On a road bike one uses the tops while seated so no upsweep is needed. While standing on a road bike one uses the hoods or drops which is quite different to a flat bar on the mtb, however a flat bar (minimal or no upsweep) is comfortable while seated in my opinion.

Smilinsteve, seems you have found your set up, but am sure you meant you rotate your bars backwards, therefore lowering the grips and reducing upsweep? I think the bars you have with 6 degree upsweep is quite extreme, I am sure most riders would lessen the upsweep. I had an old pair of risers with similar upsweep and it was not comfy! I struggled to get them right, but did get used to them for 3 years...


----------



## smilinsteve (Jul 21, 2009)

Emdhappy said:


> I read this somewhere and it makes sense, you can try it yourself:
> While standing, hold a straight bar/tube/long screwdriver in each hand. Let your arms relax by your sides but keep your knucles facing forward as if you are riding an mtb. Now slowly raise your arms up in front of you till its in a "riding position", during the whole lift from start to finish you will see that the object in your hand is not parallel to the ground, but the inside dips down. This is why upsweep is naturally better for for your hand/wrist. Pulling up on the bars while standing is more of a natural feeling with a small upsweep. But of course we all have our preferences... Riser bars also offer many choices of upsweep, though 9 back and 4/5 up has become most popular it seems.
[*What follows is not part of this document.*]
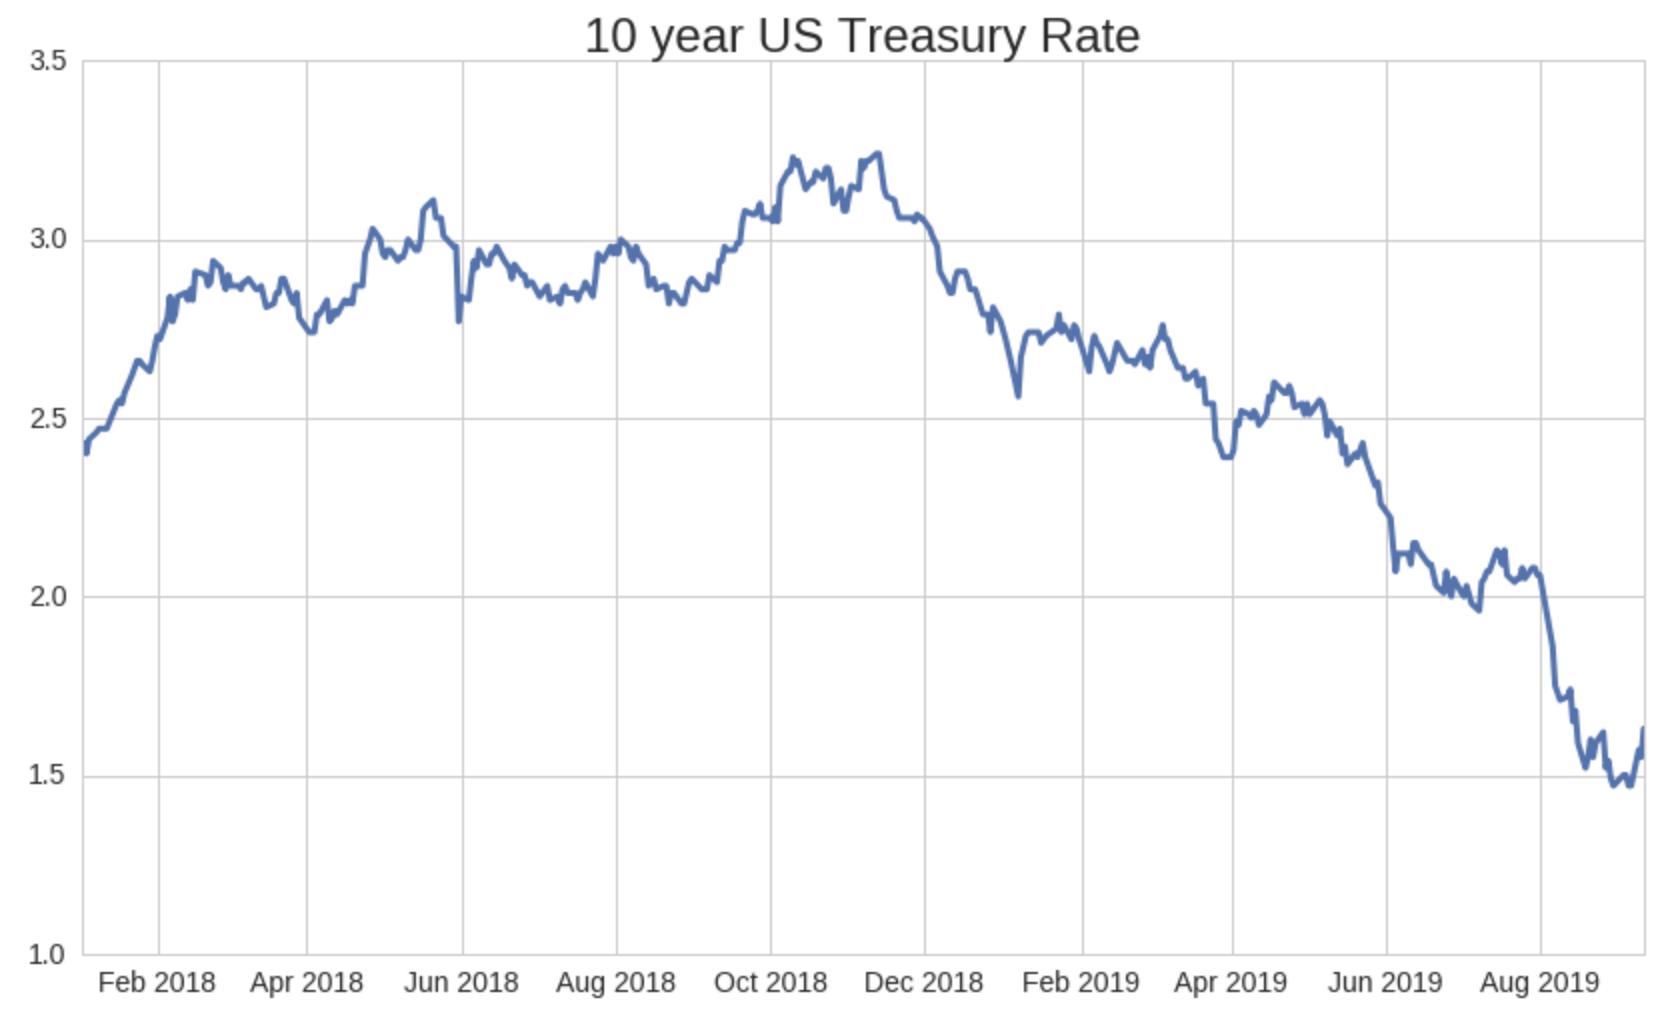 Source: Quandl. Federal Reserve Economic Data.

When I try this test, it is true that the inside tips down if you try to keep your knuckles facing forward, but I see no logic in doing that. If I put my hands in my most comfortable natural position, the outside tips down. 
If you are familiar with gym equipment, I am thinking about the hand position when doing seated low pulley rows, with the close grip triangular type attachment - top of hands pointed inward, bottom of hands pointed out. It seems to be the most neutral, no stress on forearms, while being in the optimum position for pulling. This is the opposite of a hand position using an upswept bar.
(I know that this position would not be easy to duplicate on a mountain bike).


> Smilinsteve, seems you have found your set up, but am sure you meant you rotate your bars backwards, therefore lowering the grips and reducing upsweep? I think the bars you have with 6 degree upsweep is quite extreme, I am sure most riders would lessen the upsweep. I had an old pair of risers with similar upsweep and it was not comfy! I struggled to get them right, but did get used to them for 3 years...


Yes. That is what I meant. I didn't realize that my bar had above average upsweep, but it definitely feels better rotated back.


----------



## natrat (Mar 20, 2008)

a bar with more upsweep might work better with narrower shoulders as the angle of the arm down to the bar is out a bit rather than straight down so the wrist is in alignment better when standing


----------



## bikershrink (Mar 6, 2013)

I've wondered a lot about upsweep too. I think it has something to do with riders always being told to keep their elbows up and out while riding.
Having come from motorcycles and cafe racers in particular, the bars always had backsweep and downsweep. That seems to be the way my hands naturally reach for bars, and now that both my shoulders have accumulated a lot of "wear and tear" things just feel the best that way.
I've even tried some Mary Bars on a couple of my bikes and they feel great, but may require a bit longer stem.
I just know my shoulders are not fans of upsweep on handlebars.


----------